I walked another couple of streets, until only one block of tenements and storehouses separated me from the Circus. From each shop front and storehouse came the fragrances of the whole Mediterranean world. Incense and spices were stored here, and rare, fragrant woods. The odors of fresh-sawn cedar from the Levant and pulverized pepper from even farther east mingled with those of frankincense from Egypt and oranges from Spain. It smelled like Empire.

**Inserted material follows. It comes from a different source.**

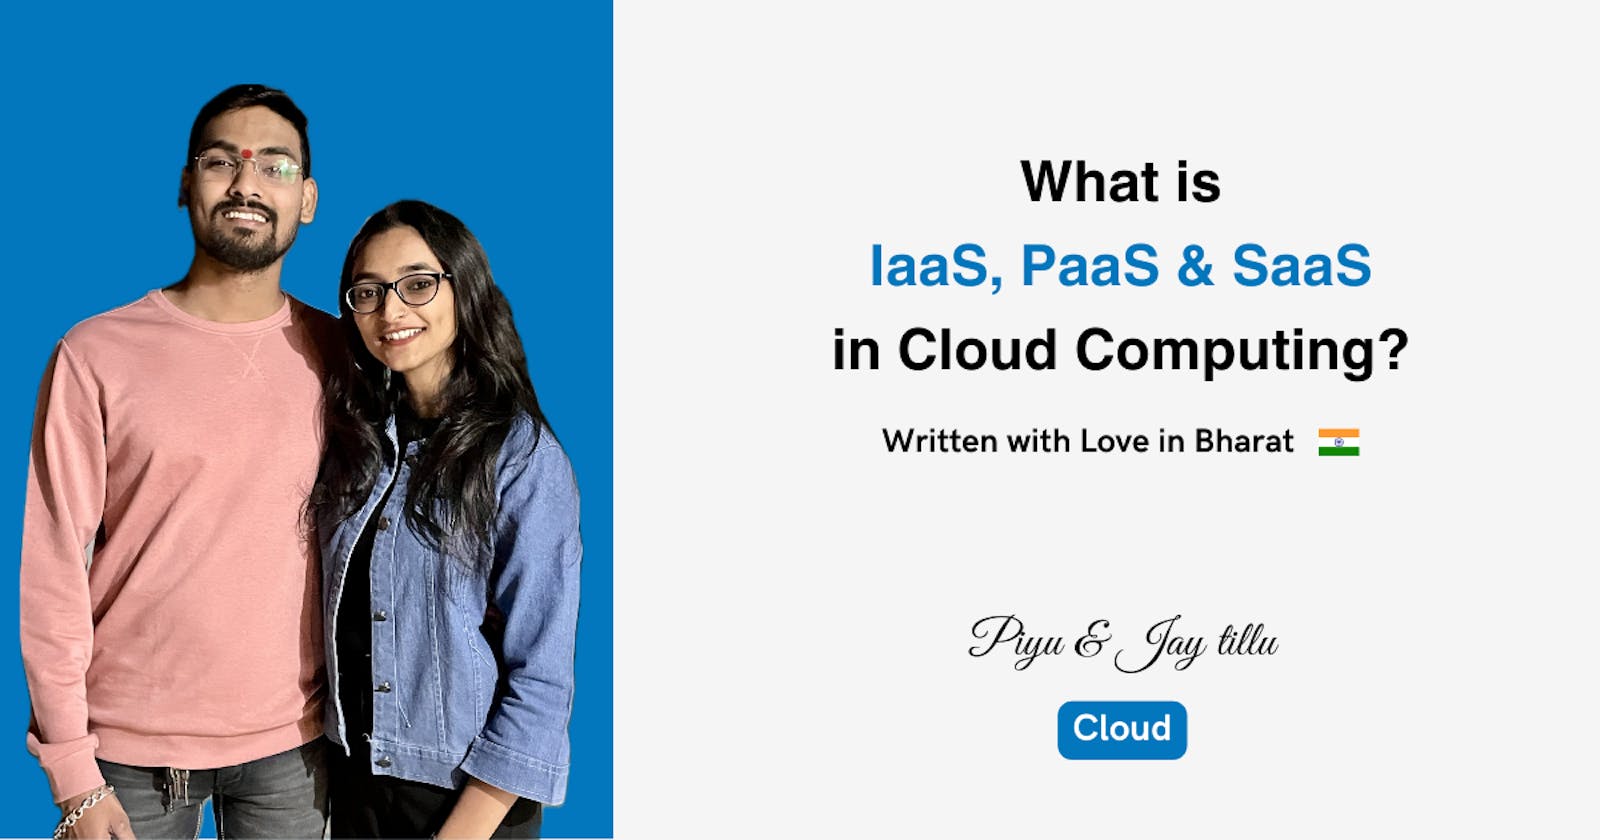 What is IaaS, PaaS, and SaaS. What is the difference between them?

The shop of Zabbai, a merchant from Arabia Felix, stood open, recessed beneath the arches of a shady arcade. Zabbai was an importer of the most precious commodity in the world: silk. So short is human memory that even now men will tell you that Romans first saw silk when the Par-thians unfurled their silken banners before the army of Cras-sus at Carrhae, but this is nonsense. It is true that Romans had never seen silk in such quantity or so brilliantly dyed before beholding those banners, but the cloth had been sold in Rome for at least a hundred years before that, although much adulterated and mixed with threads of lesser fabric.